B. La condamnation de l'erreur par négligence .

L'arrêt du 27 mars 2007 entérina ainsi l'adage latin «De non vigilantibus non curat praetor»,
c'est-à-dire selon lequel : «De l'insouciant le juge n'a cure». En effet, il ressort de ce cas d'espèce le
caractère fautif du commerçant qui, malgré avoir fixé lui-même ses objectifs financiers et en ayant
une situation lui permettant d'anticiper la conjoncture à même de s'appliquer à son activité, a tout
de même conclu un contrat dans le but d'établir un commerce dans sa région fort peu animée.
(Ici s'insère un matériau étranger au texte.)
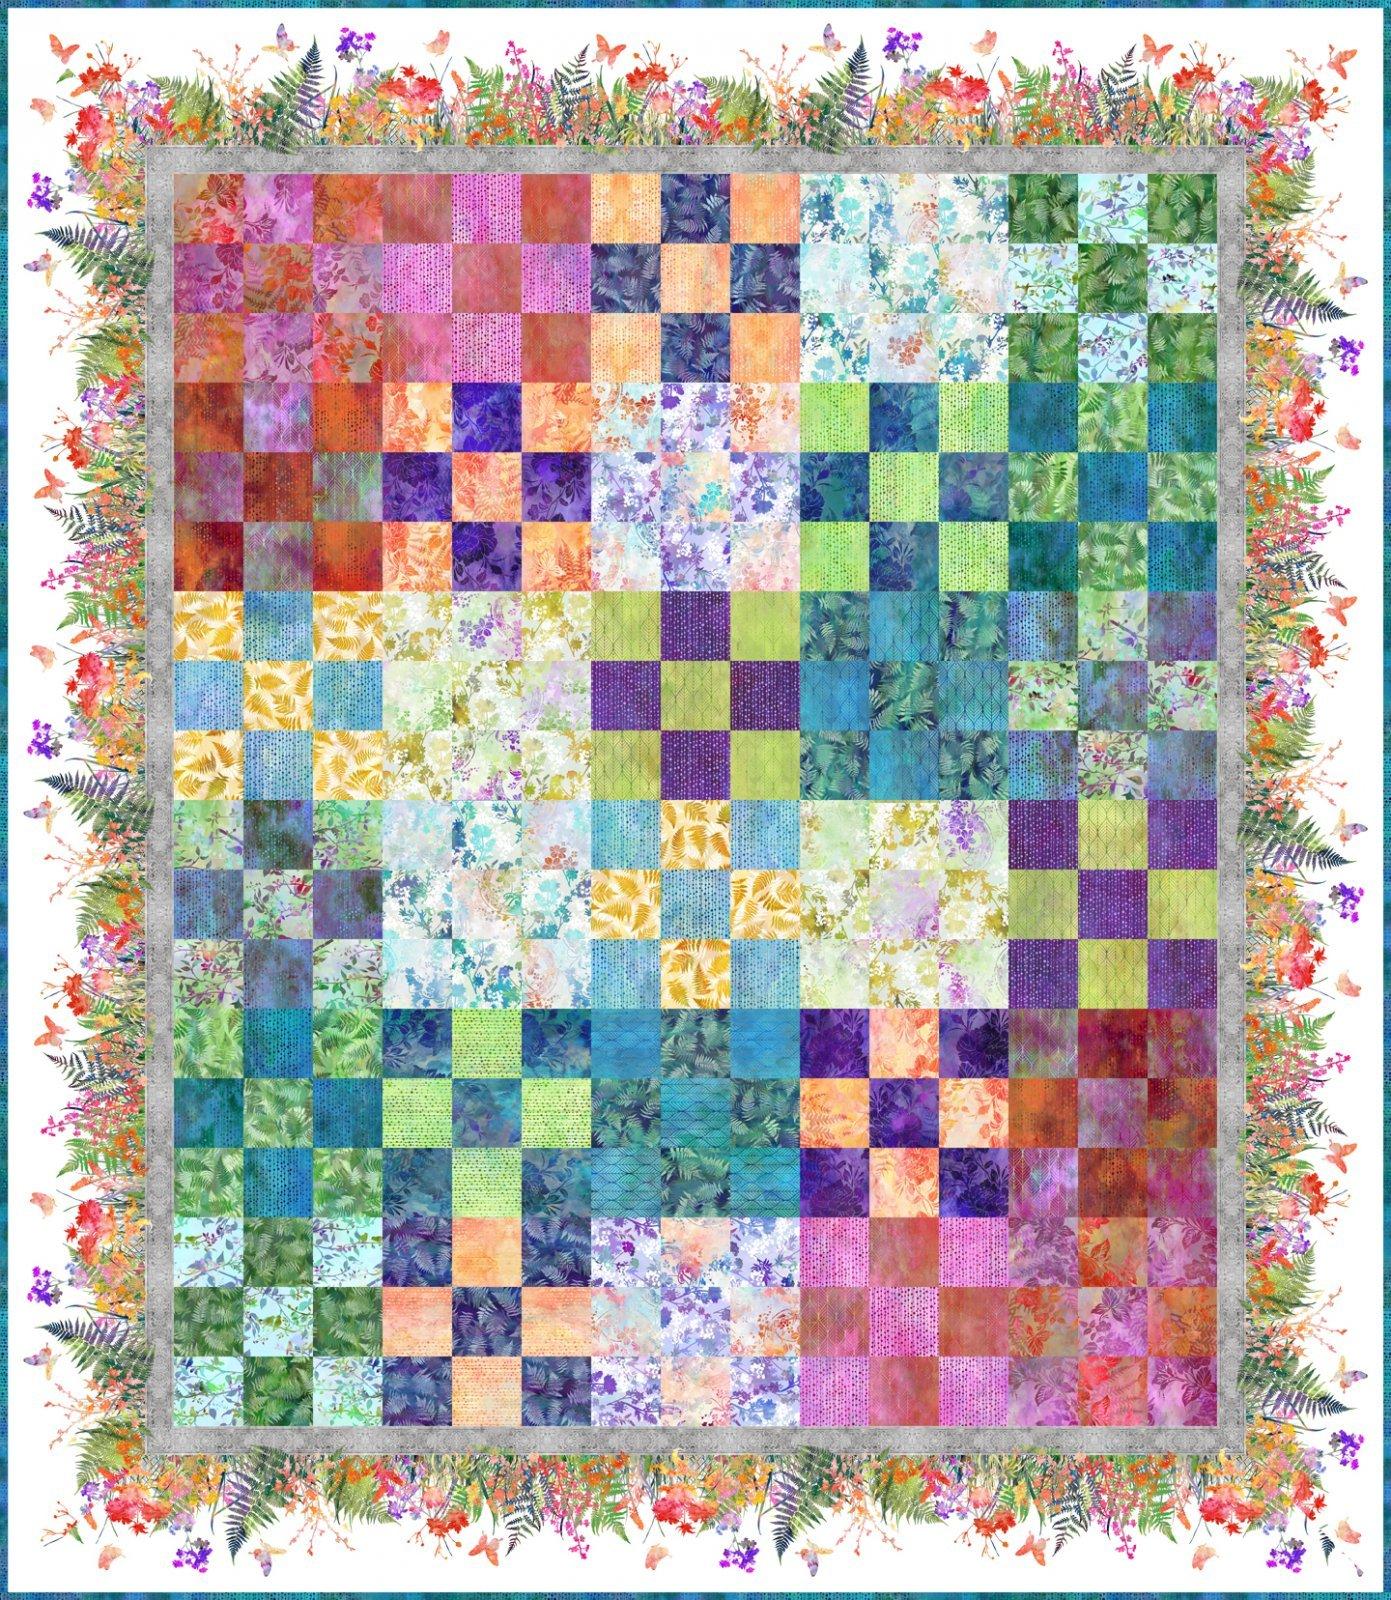 In The Beginning - Garden of Dreams by Jason Yenter - Garden 9-Patch Quilt KIT!

En ceci la décision du juge, même si elle se base sur la recherche complexe de la cause du
contrat, demeure ici clairement accompagné d'un principe général d'erreur inexcusable en matière
contractuelle, et ici au regard de la cause du contrat.

C'est en vue de préserver un principe directeur et fondamental de sécurité juridique vis-à-vis des
sociétés n'ayant ainsi pas commis de dol contrairement à ce que lui reprochait justement le
requérant au pourvoi, que la décision étudiée fut appelée à punir le commerçant qui ne peut imputer
à son cocontractant l'échec de son entreprise, en faisant abstraction a contrario d'une valeur de
solidarité qui a pu être défendue dans le projet Chancellerie, projet de réforme du droit des contrats.